For towns like C.B.S. this means existing infrastructure may not be able to withstand the rigours of new climate pressures. Development around the barachois has been a point of contention in the town for over a century: the common complaint being that wealthy residents who live near the water have made changes to the area that predominantly benefit themselves.
The channel that connects the two ponds was dredged in 1957 so that members of the newly formed yacht club could sail into the upper pond. In doing so, a bridge that had once allowed inland farmers to gather capelin, a small shore-spawning fish, for fertilizer was removed and never rebuilt.
Continuing animosity over the decades has made its way to social media, where residents often trade vitriol in the town’s Facebook groups.
Some of that discontent centres on the 2016 transfer of responsibility for Long Pond Harbour from the federal government to the town, and along with it a $1.6 million grant for maintenance of the area.
Frustrated residents claim that money was mismanaged by the town, with $1 million being spent on a new park, leaving little for the necessary maintenance of the breakwater.
The former mayor of Conception Bay South, Terry French, who did not seek re-election in this year’s municipal race, did not respond to multiple requests for comment.
Perrin believes the breakwater has made the difference between major storms and disaster events, but he says it’s municipal negligence, rather than the effects of climate change alone, that have caused it to fail.
“It’s critical infrastructure that has to be maintained,” he said. “The town of C.B.S. [is] doing a very poor job of maintaining it.”
After last year’s breach, the town received emergency funding from the government to fix the breakwater, and after the damage this year, replaced the existing beach rock with new armour stone.
It’s a solution that doesn’t leave Perrin feeling confident.
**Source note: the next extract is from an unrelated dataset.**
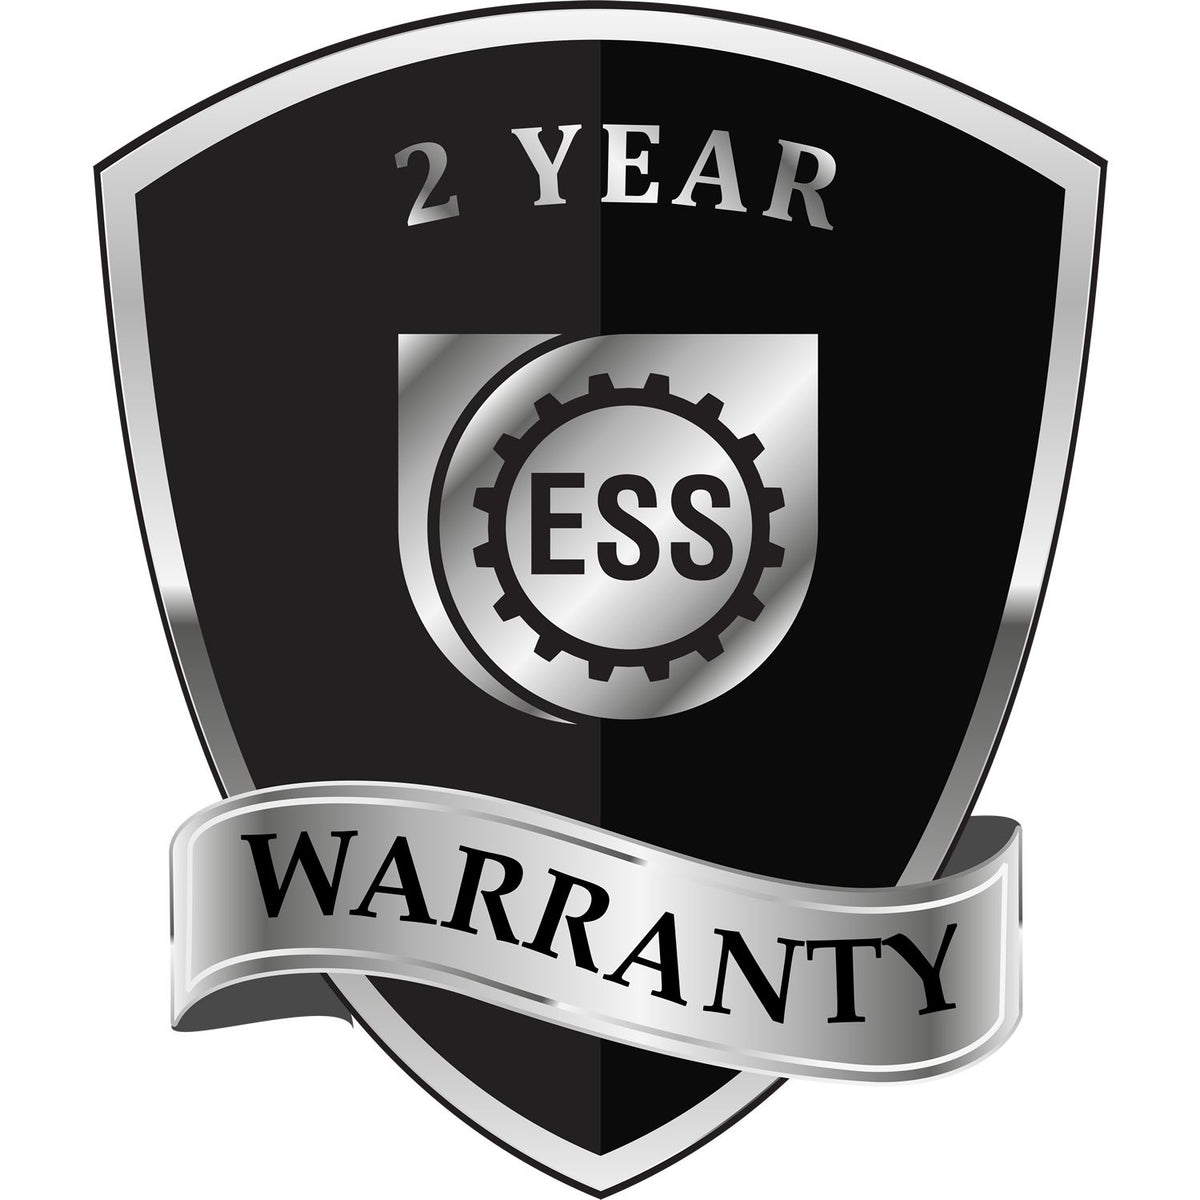 A black and silver badge or emblem showing warranty information for the Hybrid Vermont Landscape Architect Seal

That armour stone, he said, is just sitting atop the same beach rock that has been washed away before. Without proper maintenance he fears it’ll wash away again.
“If they’re not monitoring it they could really miss the changes, and we could get into a situation where... we’ve got a major breach and damage to homes.”
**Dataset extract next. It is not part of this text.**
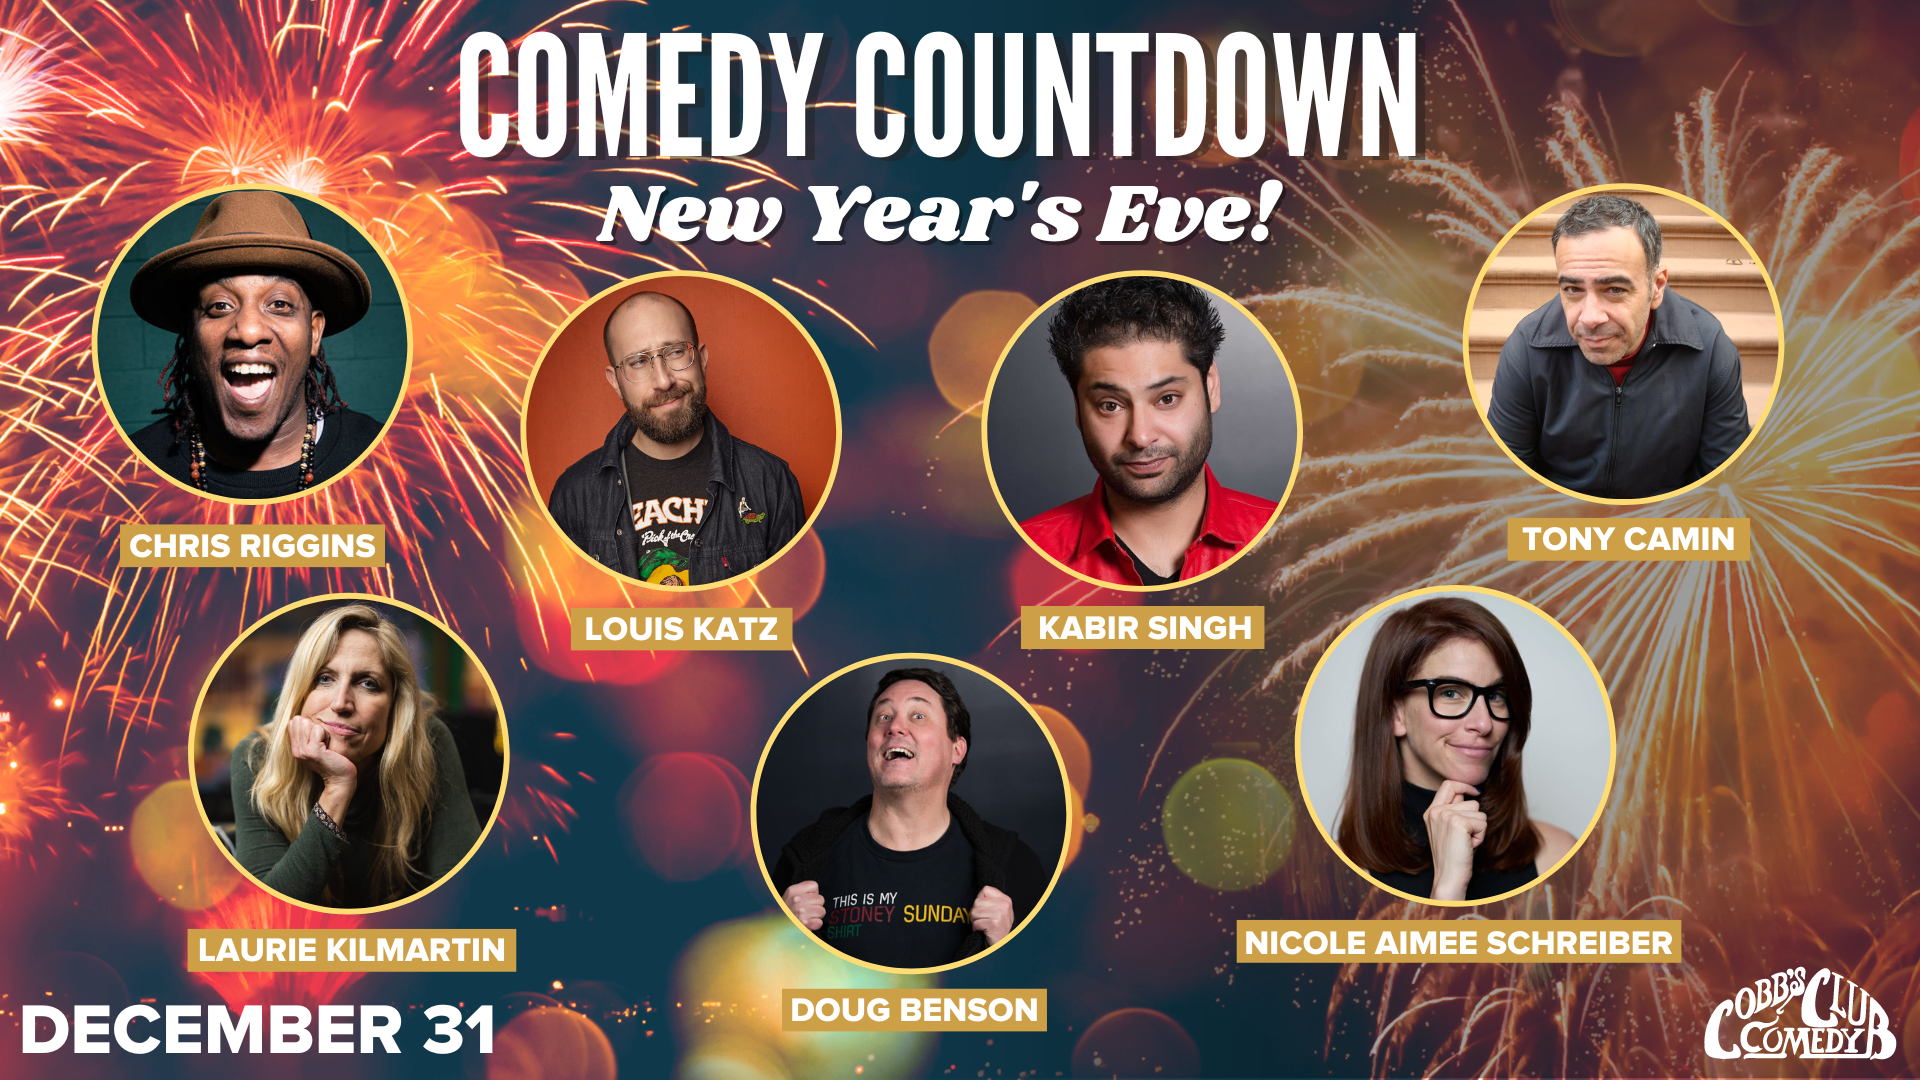 Comedy Countdown - New Year's Eve Countdown Show

Barricading the island behind a wall of armour stone isn’t a realistic solution for the challenges which communities across the province will face over the next 30 years.
Fortunately, Daraio said the thinking is slowly changing. “We’re designing now for the conditions in the future, so that when something happens that’s maybe never happened before… we’re ready for it,” he said.
But while he would like to see towns like C.B.S. create multi-decade plans to update infrastructure for climate resilience, he admitted that’s idealistic.
“The resources aren’t there for municipalities,” he said, “really just because they don’t have enough money. They don’t have the people.”
Particularly in the case of smaller communities, where local companies bid for contracts on work, some may be hesitant to add the extra costs associated with designing for the future into their proposals, especially when new parameters haven’t been formally implemented into the existing design codes.
In many ways, according to Daraio, the infrastructure response to climate change is one of planned retreat.
“You need to kind of accept that these areas are going to change,” he said. “Some of these areas will be uninhabitable. There’s nothing you can do about it.”
“These are changes that are happening—are going to happen—and we need to confront them.”